Muslim cleric Abu Qatada, who used it for eight years to block his extradition to Jordan, was eventually expelled. So far he has been acquitted on one set of terrorism charges, but remains in jail to face a second round.

Meanwhile, Cameron was infuriated by a ruling in a case taken by a British prisoner, John Hirst, who demanded that he should be able to vote. Initially, the British government sought to comply with the ruling, but MPs rebelled. Now it says prisoners will not get the vote.

The court never said all prisoners should get the vote, but rather that the UK should justify departing from the principle of universal suffrage; but that point has been lost.

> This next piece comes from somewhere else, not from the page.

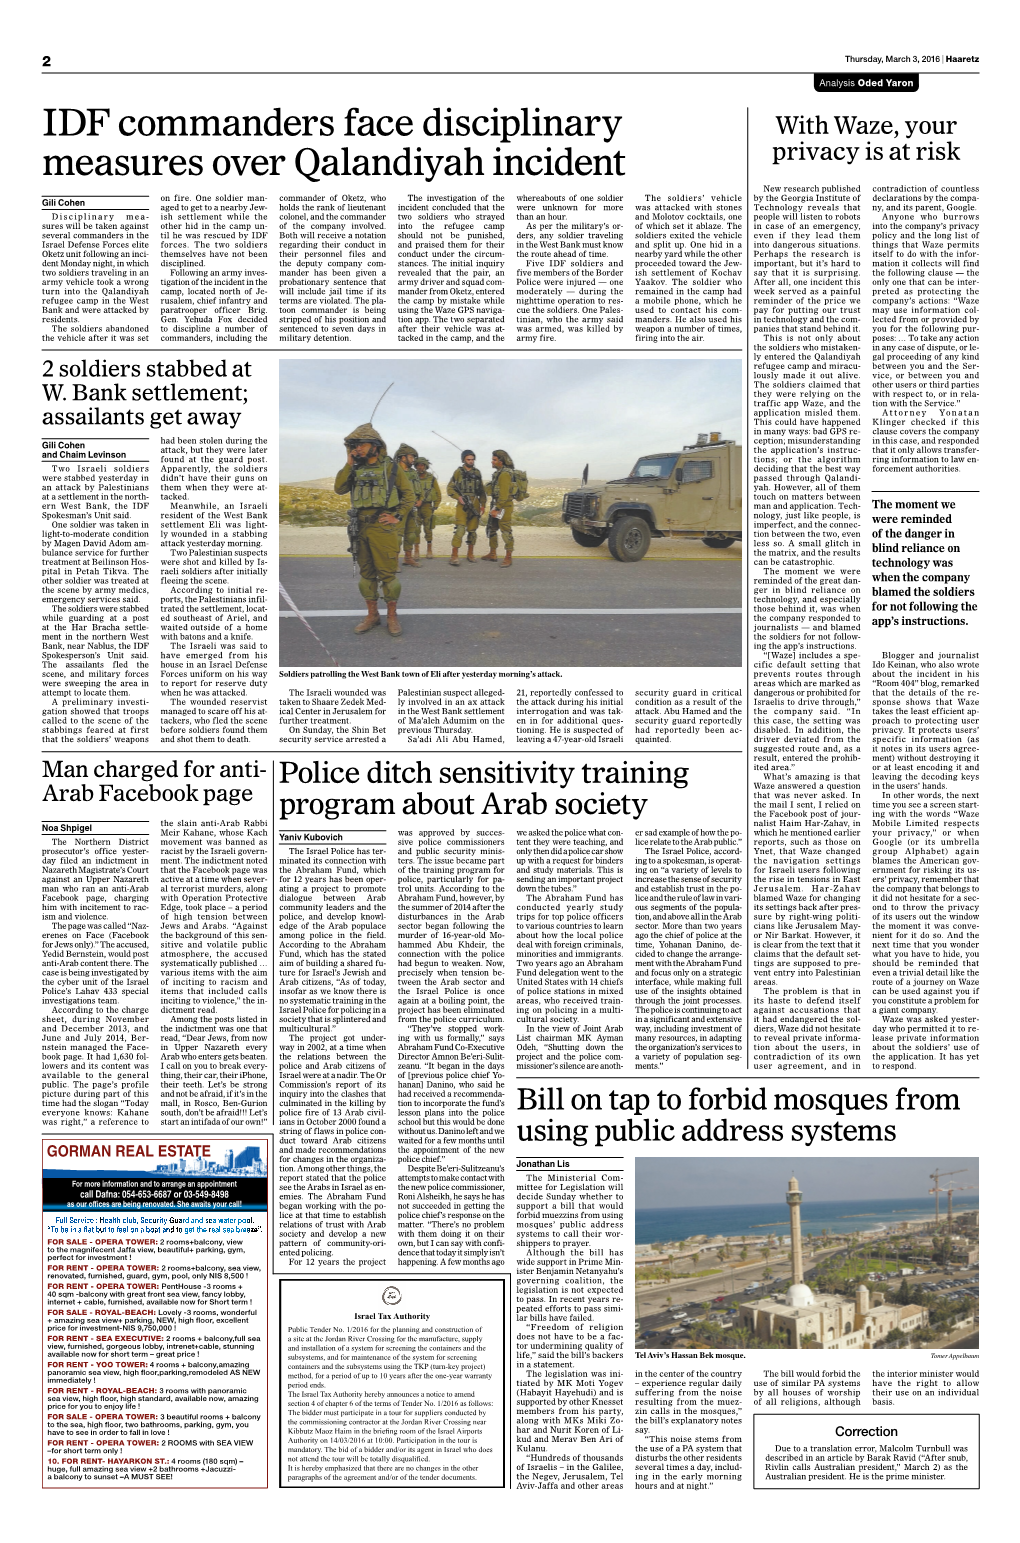 IDF Commanders Face Disciplinary Measures Over Qalandiyah Incident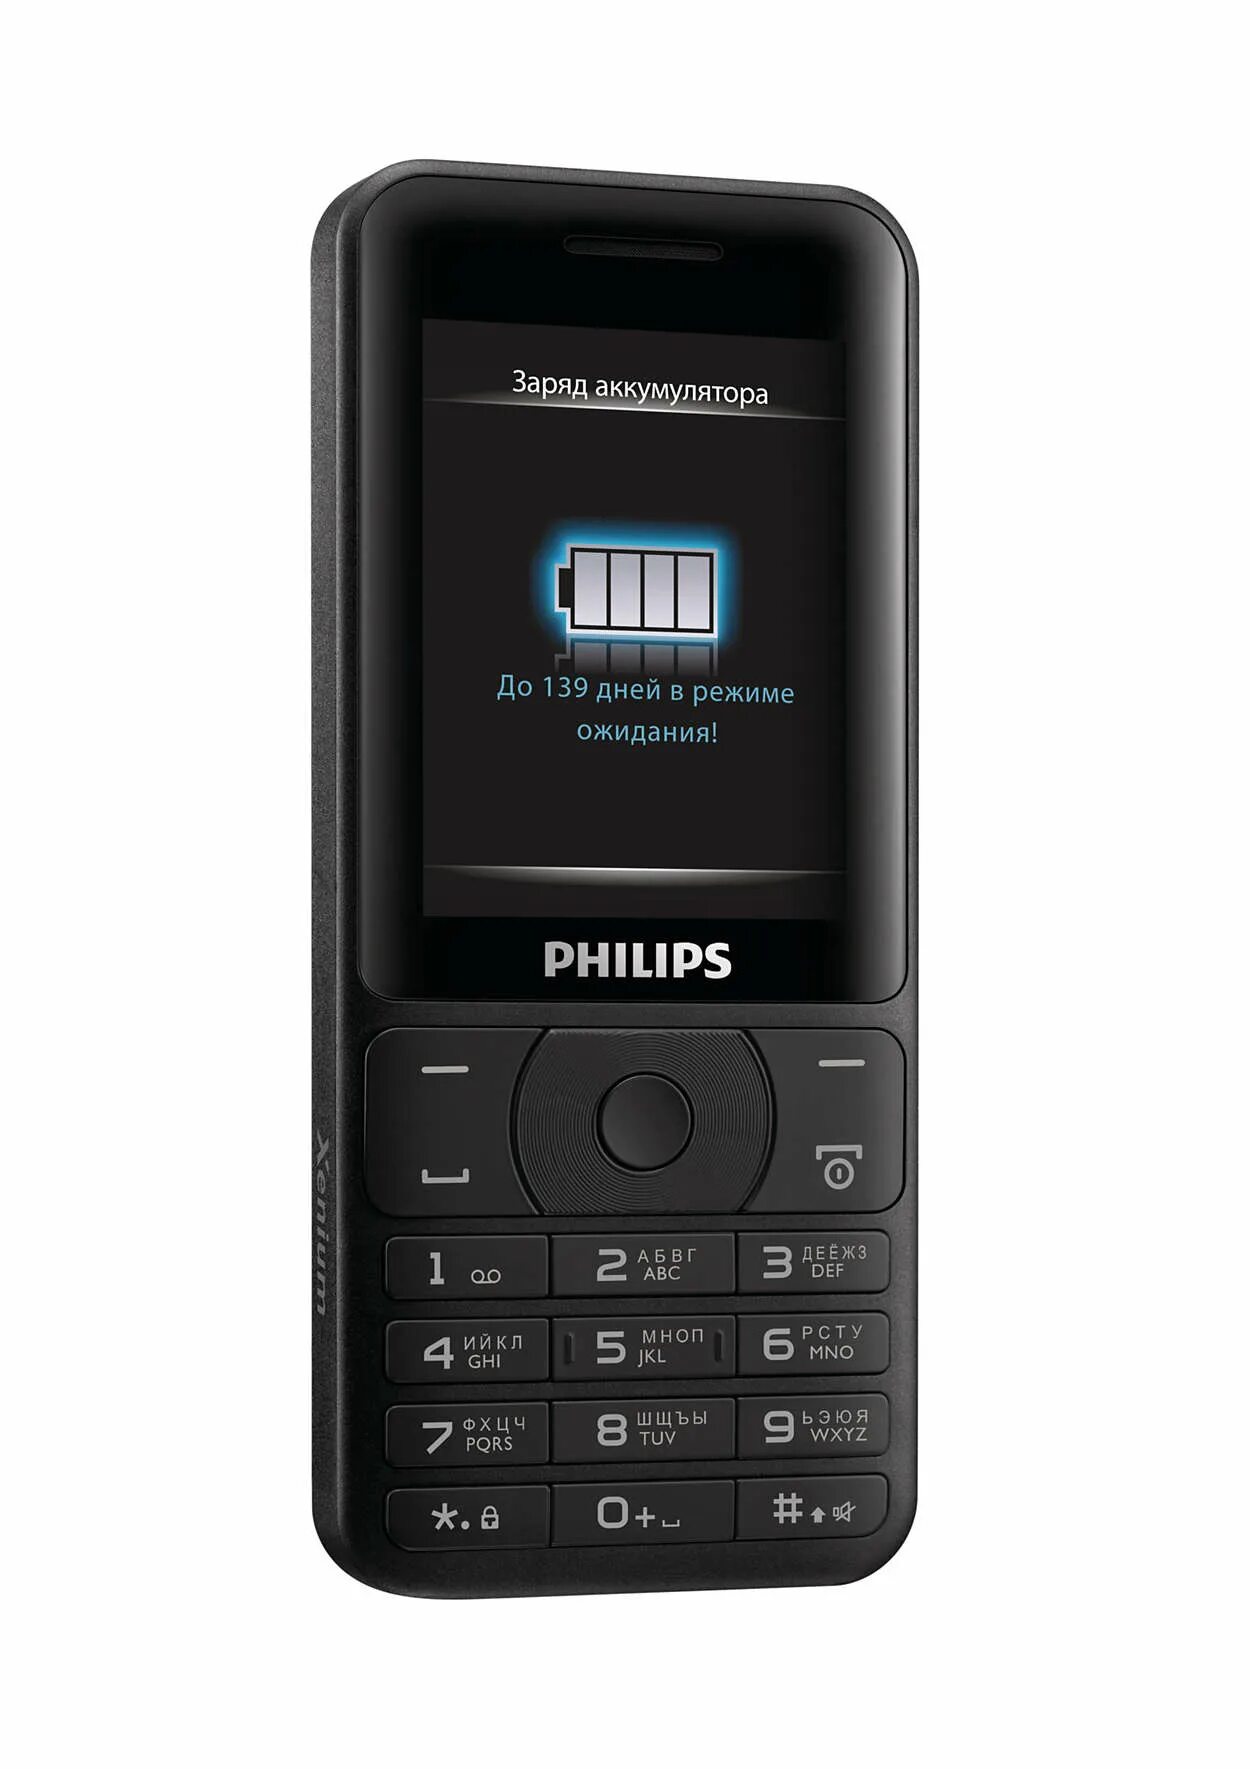 Philips e180 Xenium Black. Philips Xenium e180. Сотовый телефон Philips Xenium e180. Philips Xenium у 180. Телефон б е

A group of Conservative lawyers recently put a paper before justice secretary Chris Grayling to limit the reach of the ECHR in the UK. Grayling, a man of little subtlety and the first non-lawyer to be lord chancellor in 400 years, was delighted, particularly since he had promised something similar a year before.

Incoherent gibberish Guaranteeing his sacking, Grieve, a man of some intellectual weight, with little patience for fools, scathingly dismissed the plans as incoherent gibberish. Extraordinarily,

10 Downing Street – and this tells one much about some of its operations at times – had tried to hide the paper from him, even though he was, as it were, the house lawyer.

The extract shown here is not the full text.